Volume 5: Manufacturing Materials and Metallurgy; Ceramics; Structures and Dynamics; Controls, Diagnostics and Instrumentation; Education ◽

10.1115/98-gt-336 ◽

1998 ◽

Cited By ~ 1

Author(s):

Uwe Rettig ◽

Ulrich Bast ◽

Dinorah Steiner ◽

Matthias Oechsner

Keyword(s):

High Temperature ◽

Thermal Barrier Coatings ◽

Gas Turbines ◽

Fatigue Behavior ◽

Temperature Gradients ◽

Stress Fields ◽

Thermal Barrier ◽

Data Set ◽

Barrier Coatings

The use of high performance ceramic thermal barrier coatings in stationary gas turbines requires fundamental knowledge of their fatigue behavior under high temperature gradients and thermal cycling.
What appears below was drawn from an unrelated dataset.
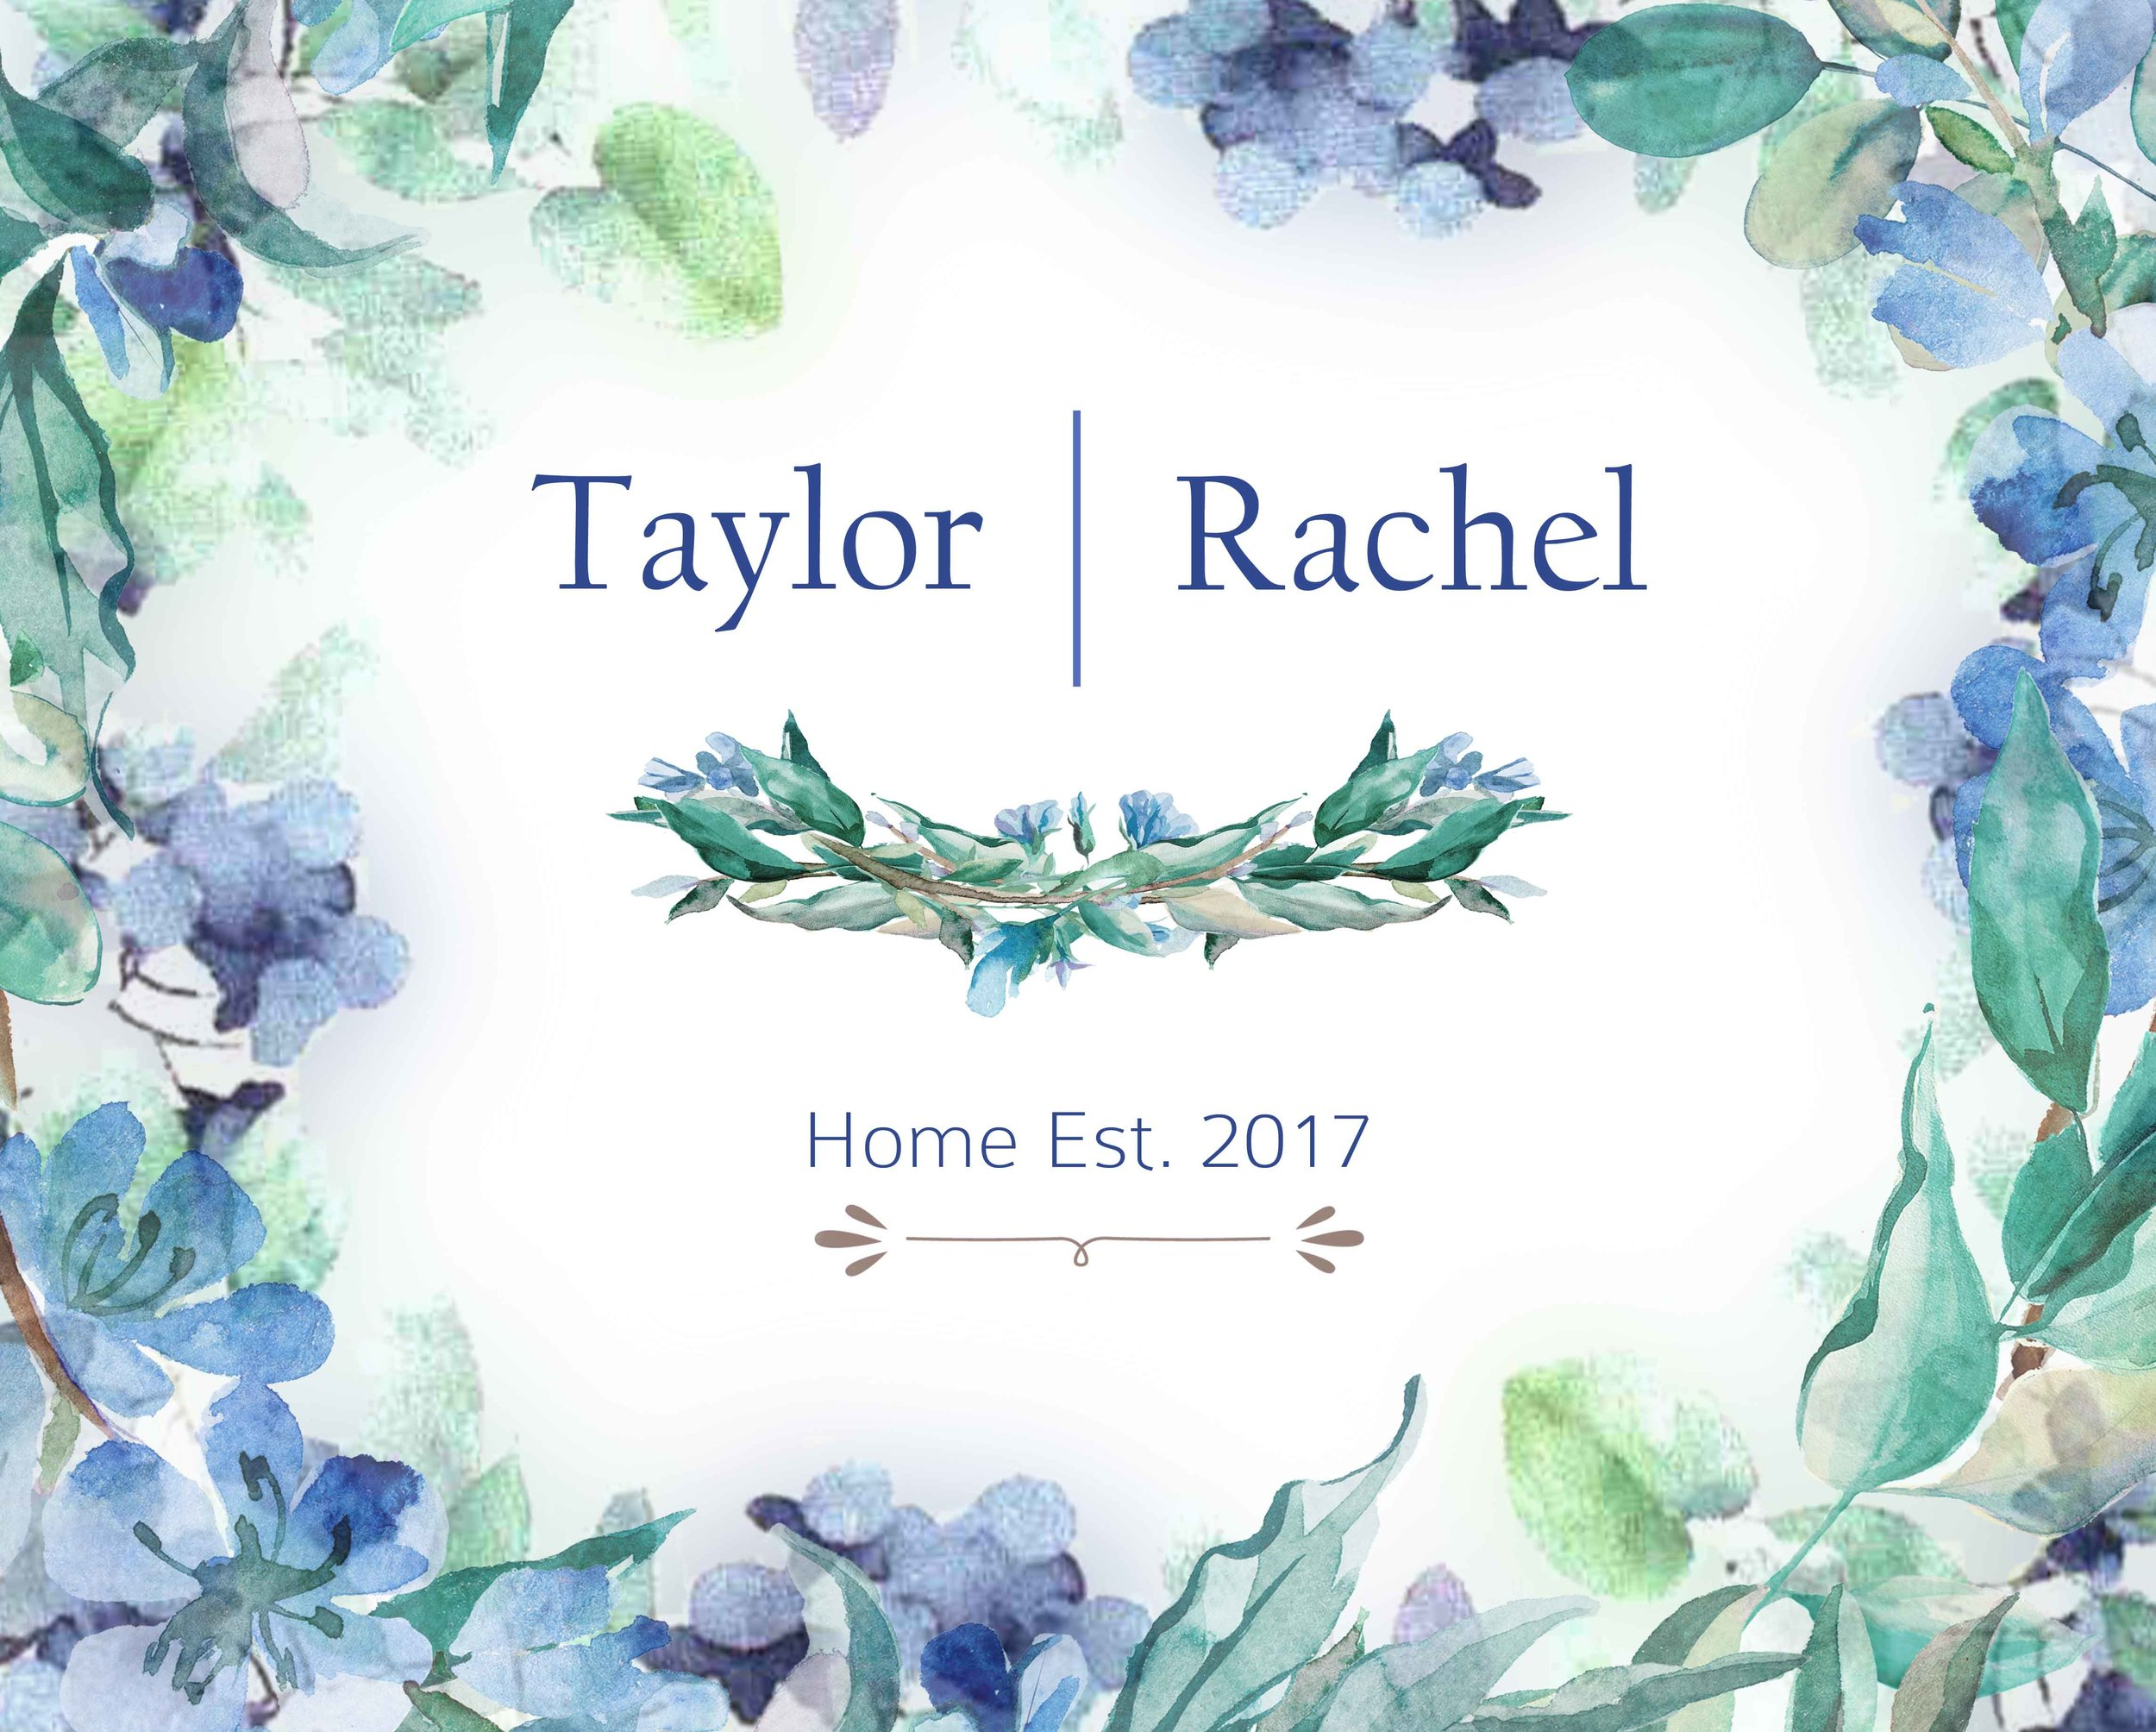 STORY_Taylor and Rachel.jpg

An experimental method based on rapid laser heating complemented with finite-element calculations was developed in order to identify the major damage mechanisms and to obtain a data set for reliability assessment of thermal barrier coatings for temperature and stress fields similar to gas turbine conditions. The observed failures are strongly related to the pretreatment procedures such as annealing under high temperature gradients and isothermal long-term oxidation. The vertical crack patterns observed close to the top surface of the Zirconia coating are generated at the moment of rapid cooling. These cracks are induced by high biaxial tensile stresses caused by the temperature gradient and the stress reversion after relaxation of compressive stresses at high temperatures. The long-term fatigue behavior is decisively determined by two processes: (i) The porous Zirconia loses its damage tolerant properties by densification. (ii) The growth of an oxide layer at the bond coat degrades adhesion and produces localized stress fields at the interface. Cyclic loads increase the length of existing in-plane cracks and delaminations rather than enlarging their number. Misfit of the crack flanks and wedge effects are the driving forces for continued crack propagation. These experimental results are discussed in terms of fracture mechanics.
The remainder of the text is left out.